[Entries taken from a collection]
________________________
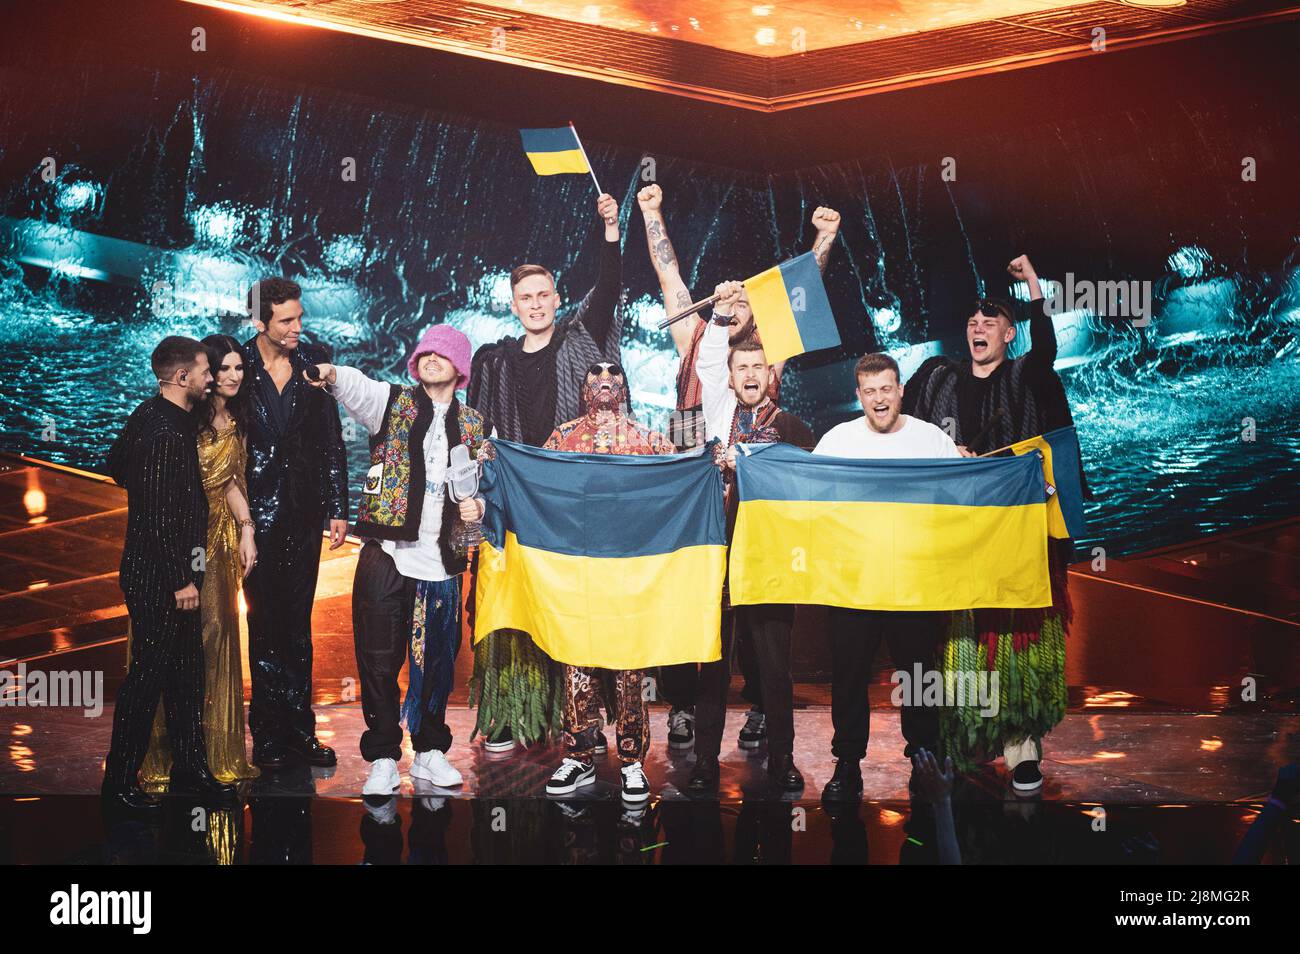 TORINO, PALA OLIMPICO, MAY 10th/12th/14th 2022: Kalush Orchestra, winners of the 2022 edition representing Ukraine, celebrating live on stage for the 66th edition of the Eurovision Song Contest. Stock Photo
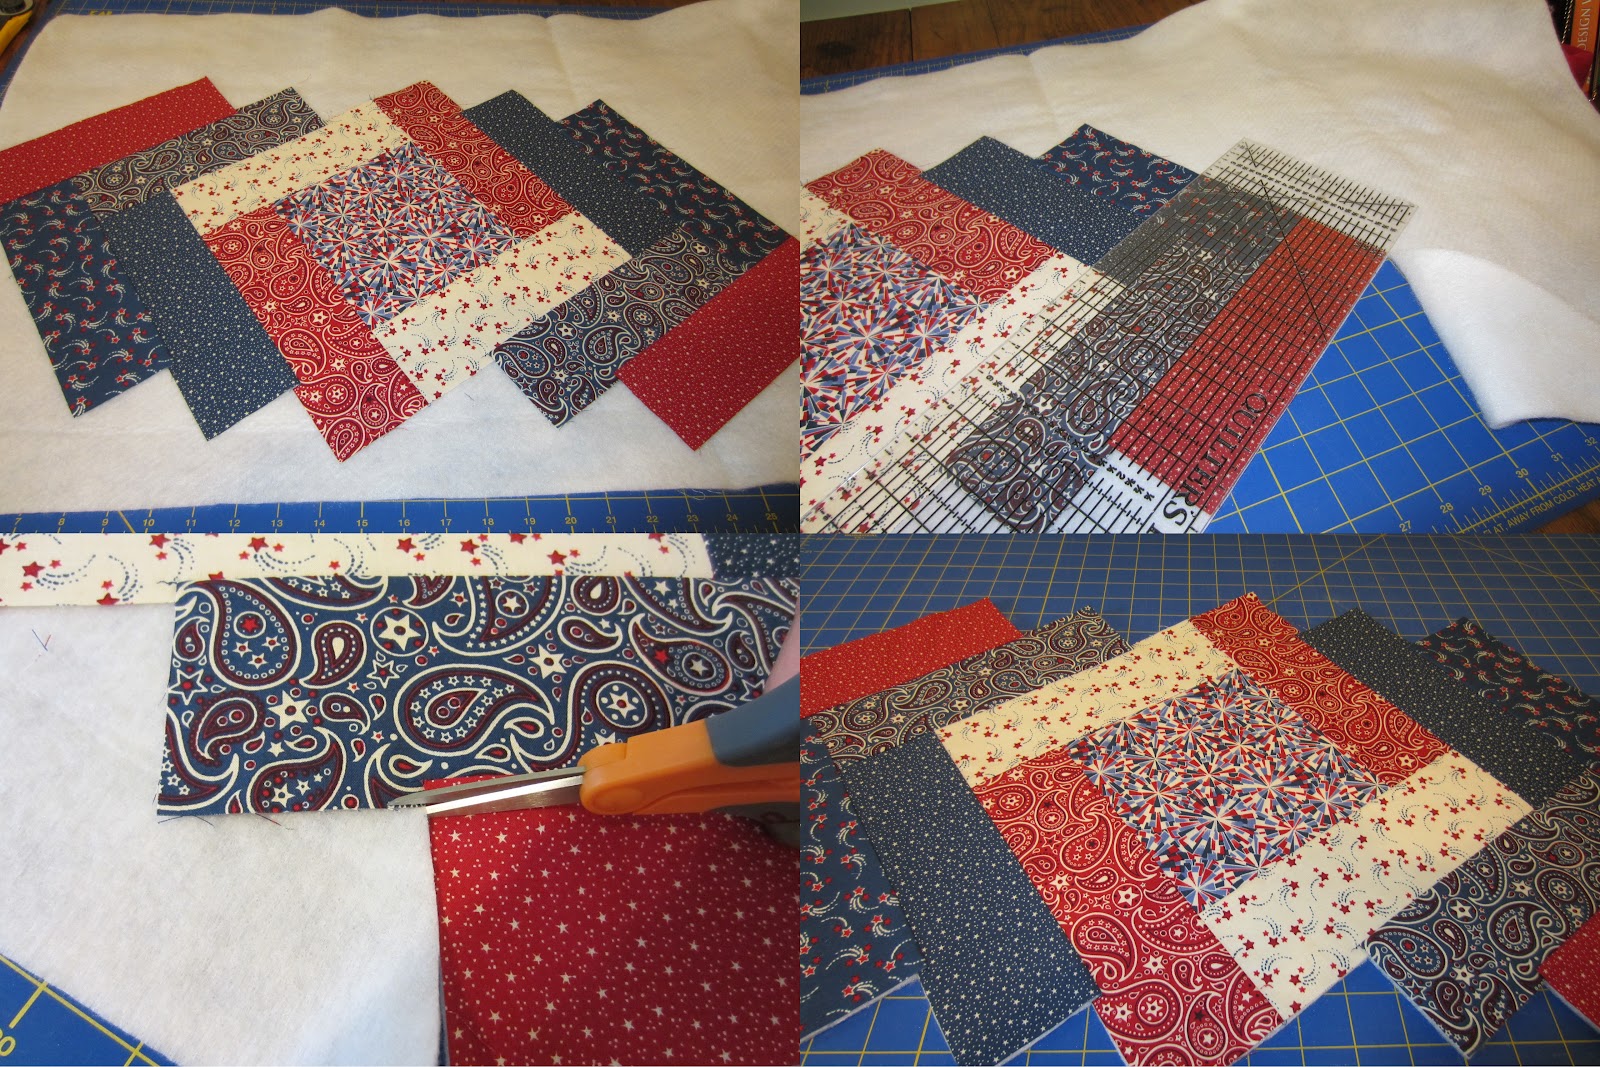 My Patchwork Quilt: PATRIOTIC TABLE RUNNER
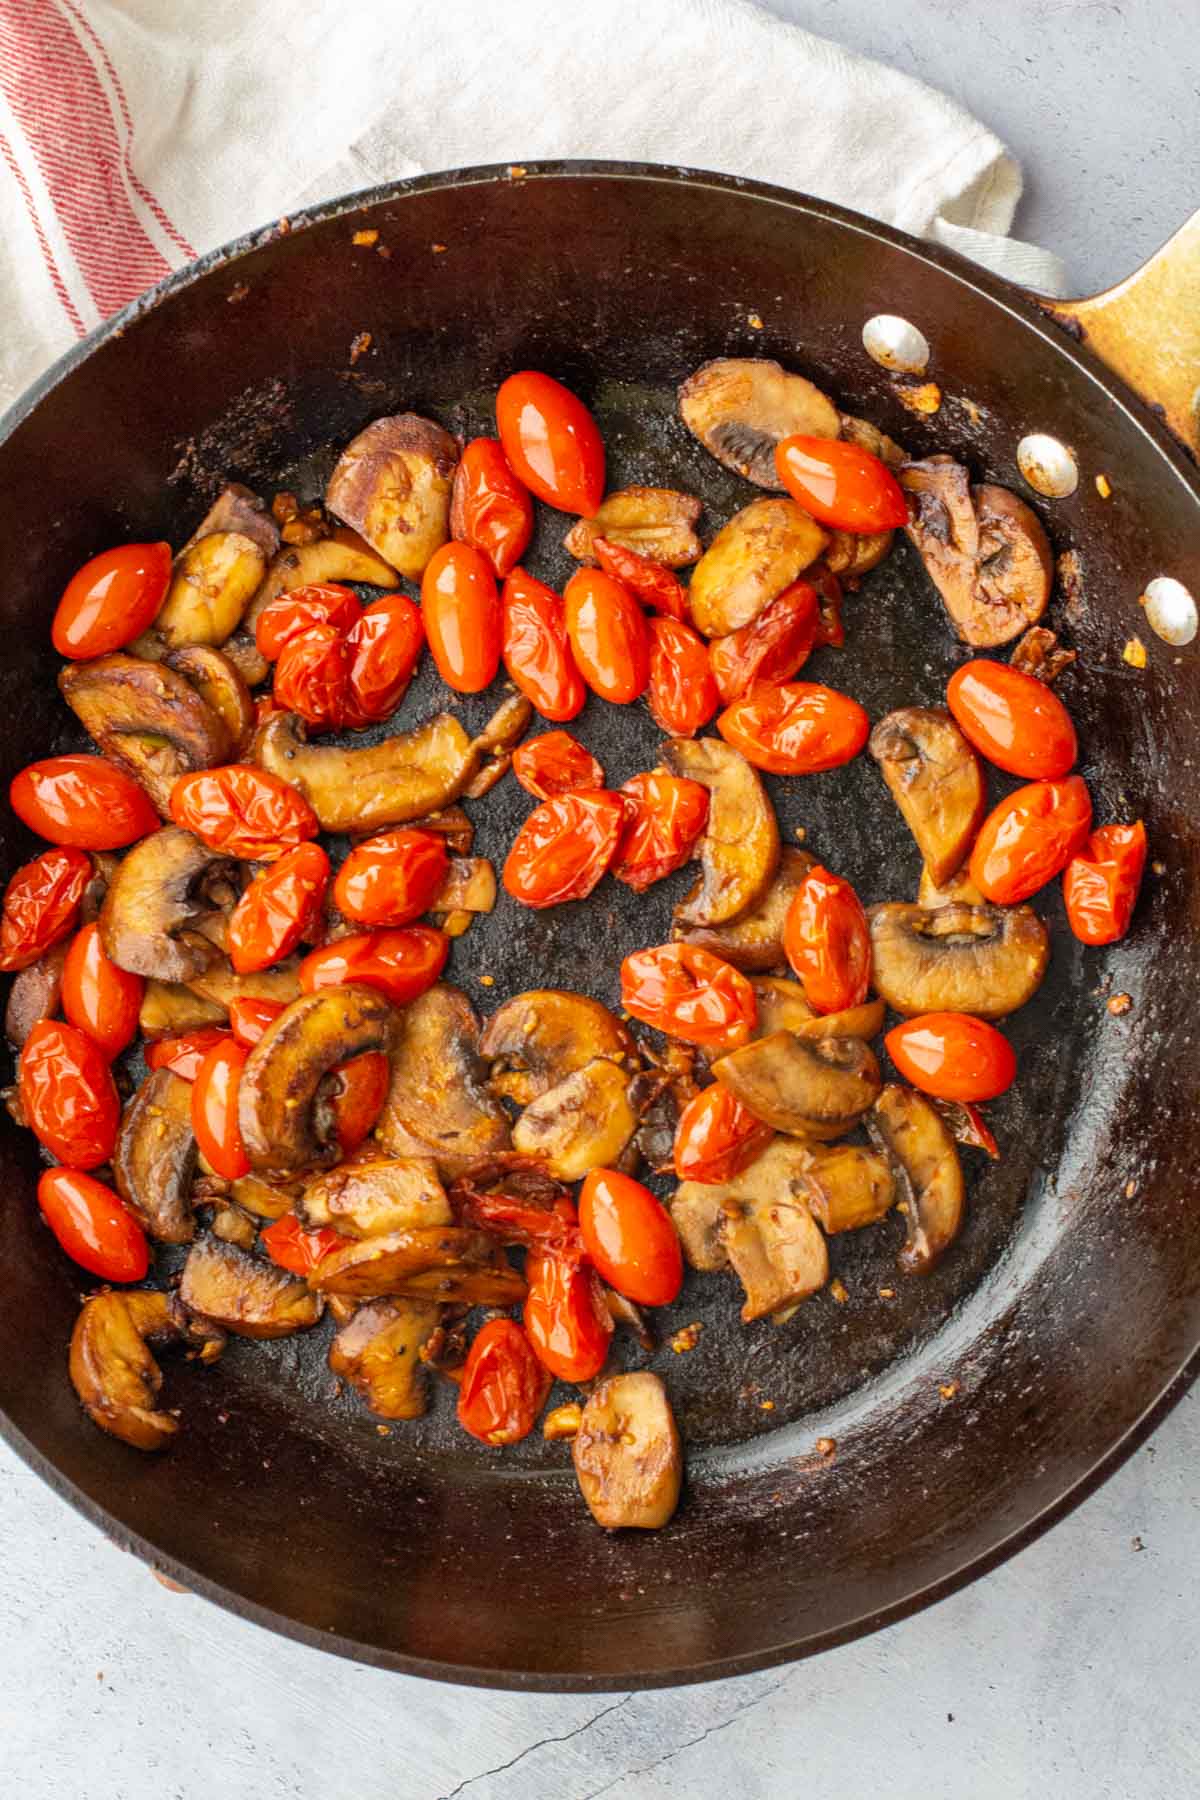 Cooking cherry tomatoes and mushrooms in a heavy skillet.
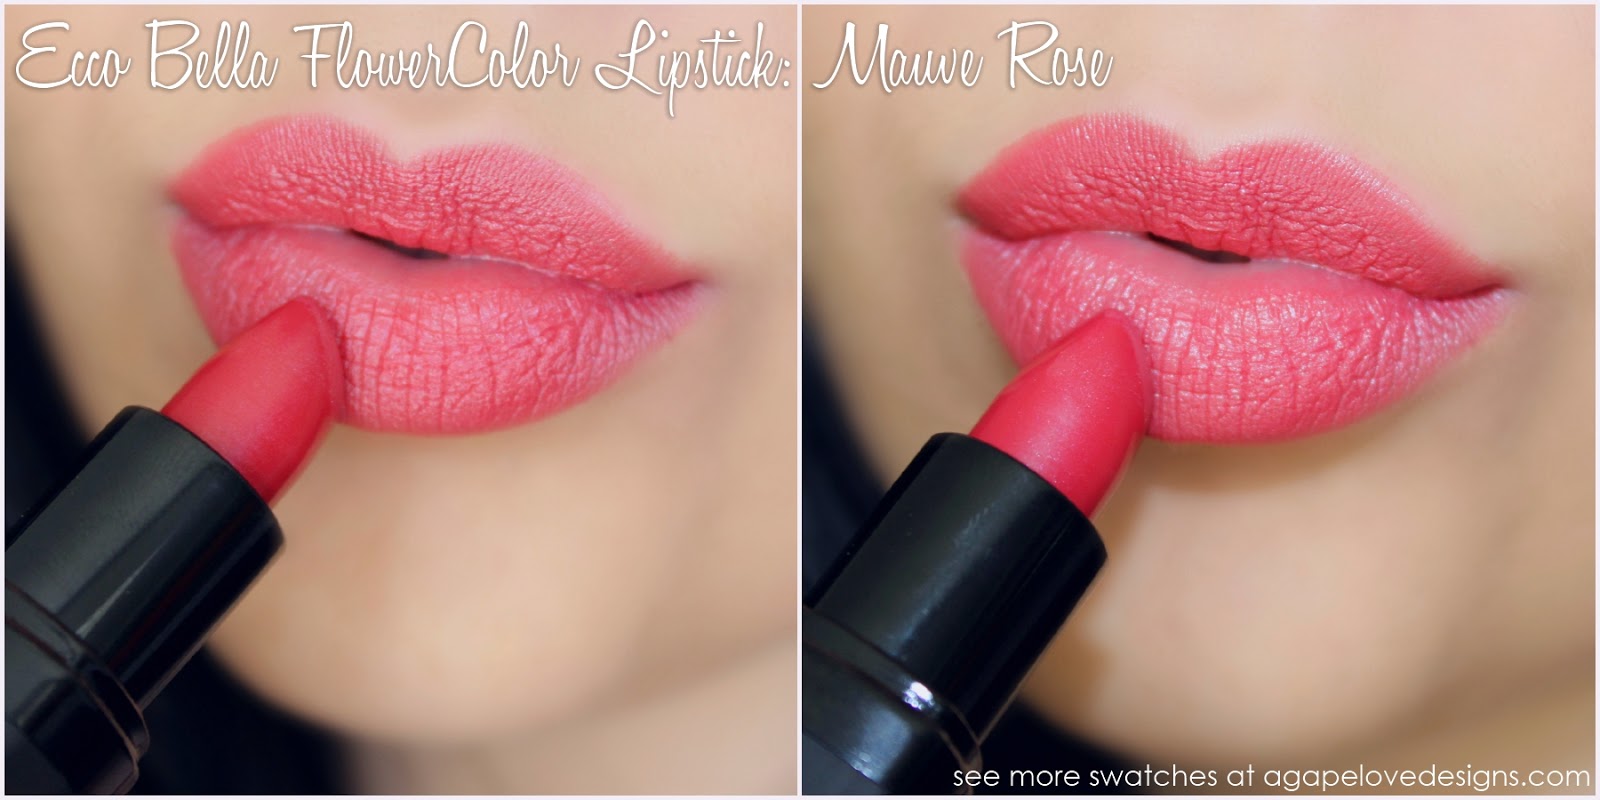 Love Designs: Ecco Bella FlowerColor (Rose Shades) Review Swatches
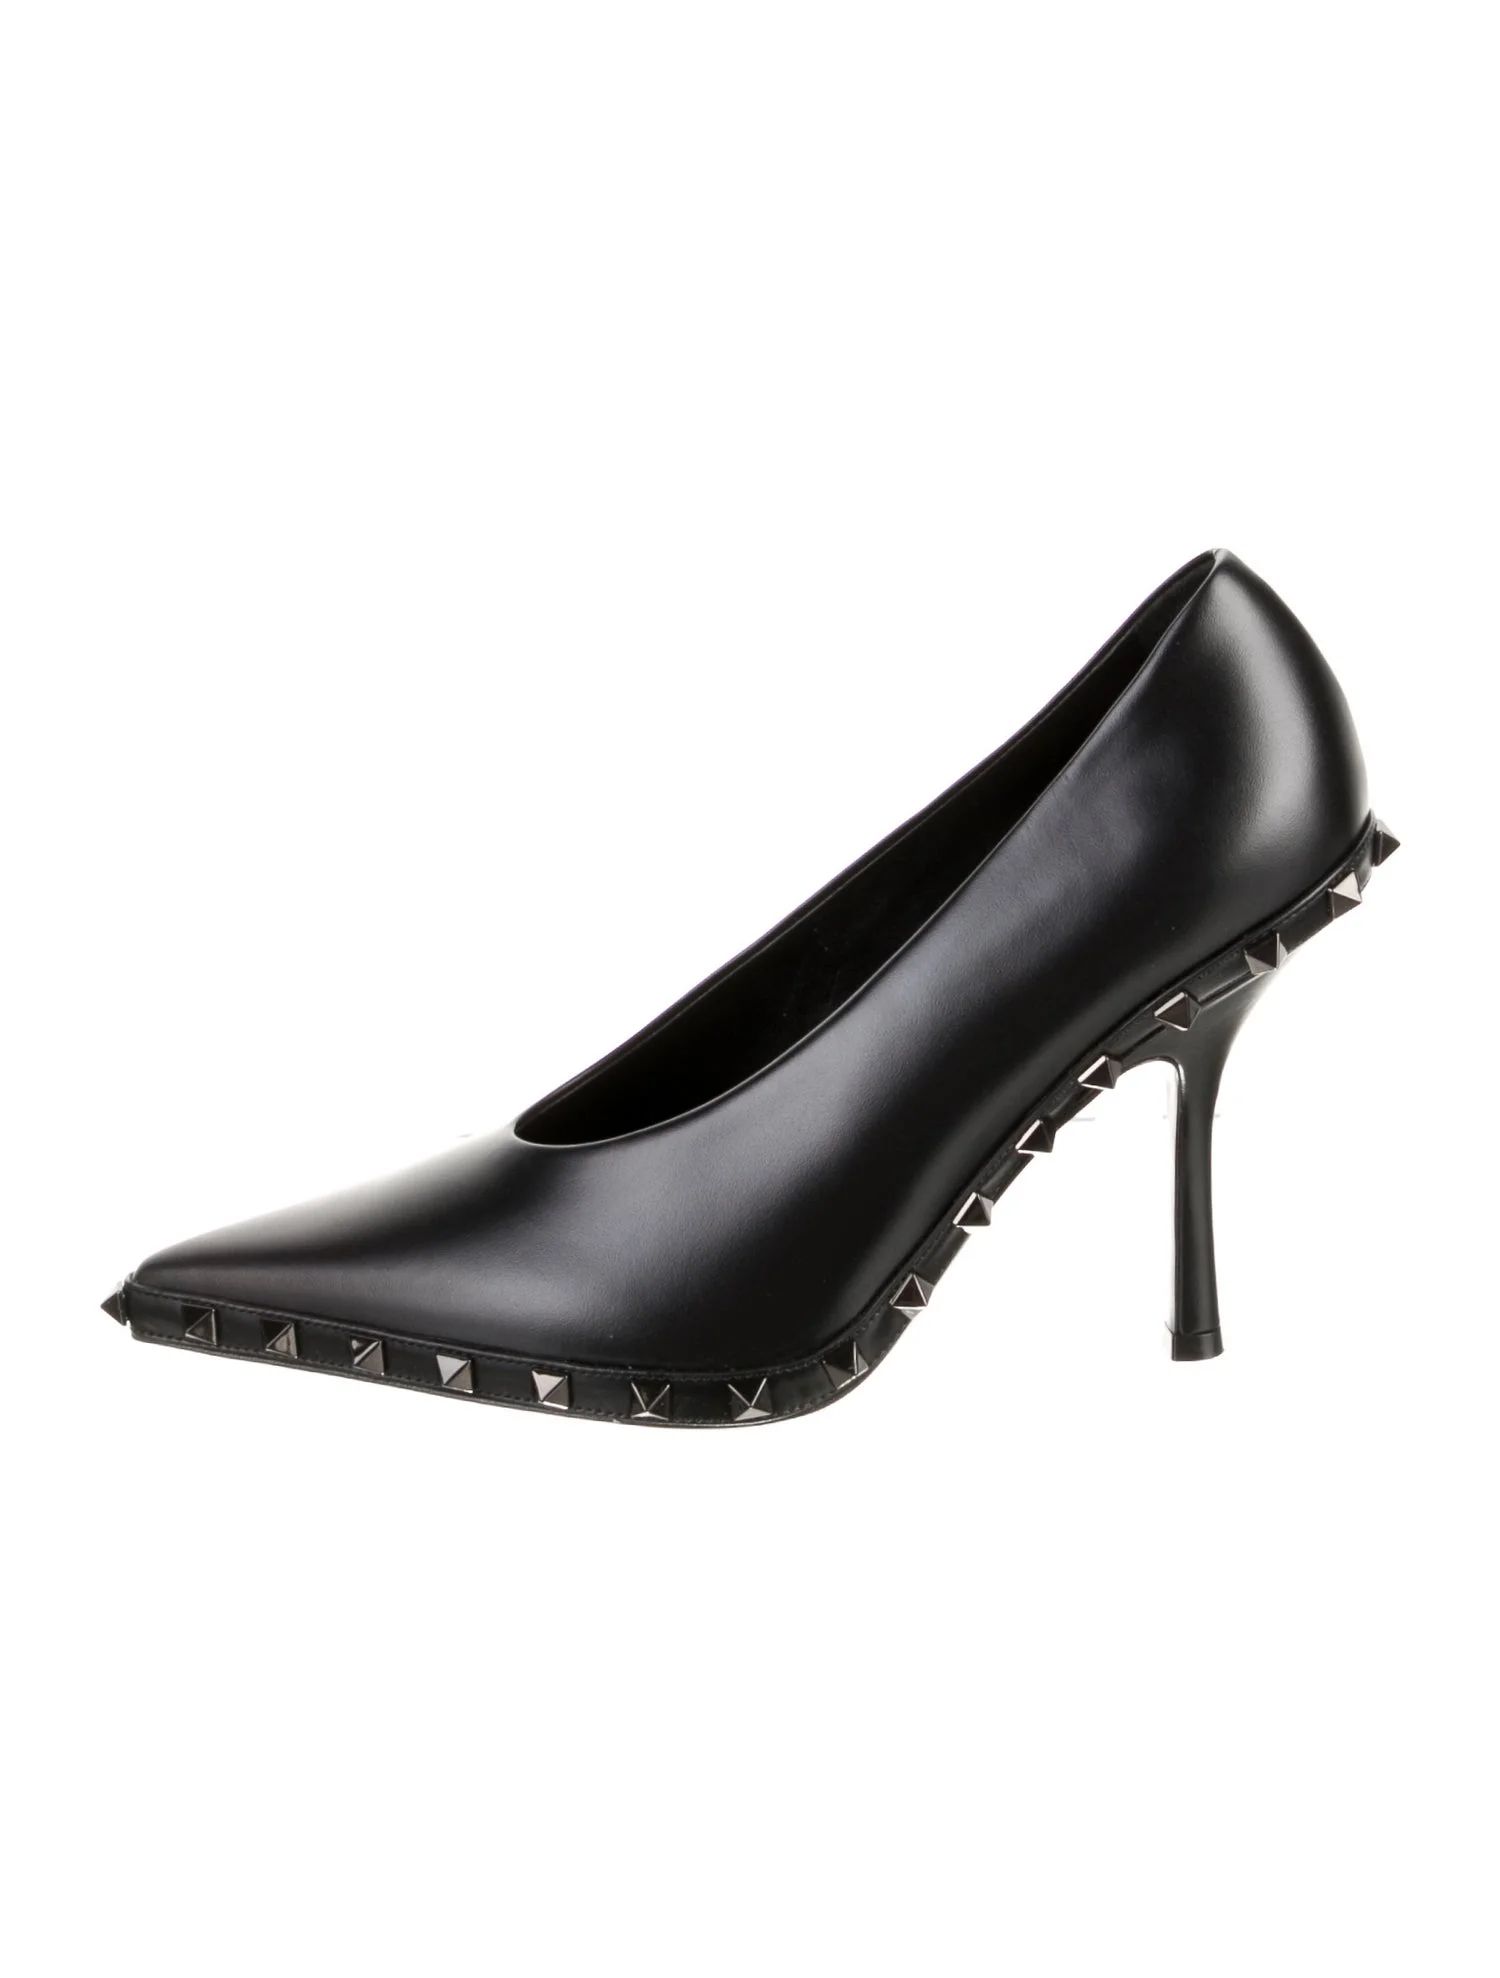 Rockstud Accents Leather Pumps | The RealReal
________________________
• Problem requirements: All of the entries above should be copied exactly, with the images left out.

• Reply:
 TORINO, PALA OLIMPICO, MAY 10th/12th/14th 2022: Kalush Orchestra, winners of the 2022 edition representing Ukraine, celebrating live on stage for the 66th edition of the Eurovision Song Contest. Stock Photo
 My Patchwork Quilt: PATRIOTIC TABLE RUNNER
 Cooking cherry tomatoes and mushrooms in a heavy skillet.
 Love Designs: Ecco Bella FlowerColor (Rose Shades) Review Swatches
 Rockstud Accents Leather Pumps | The RealReal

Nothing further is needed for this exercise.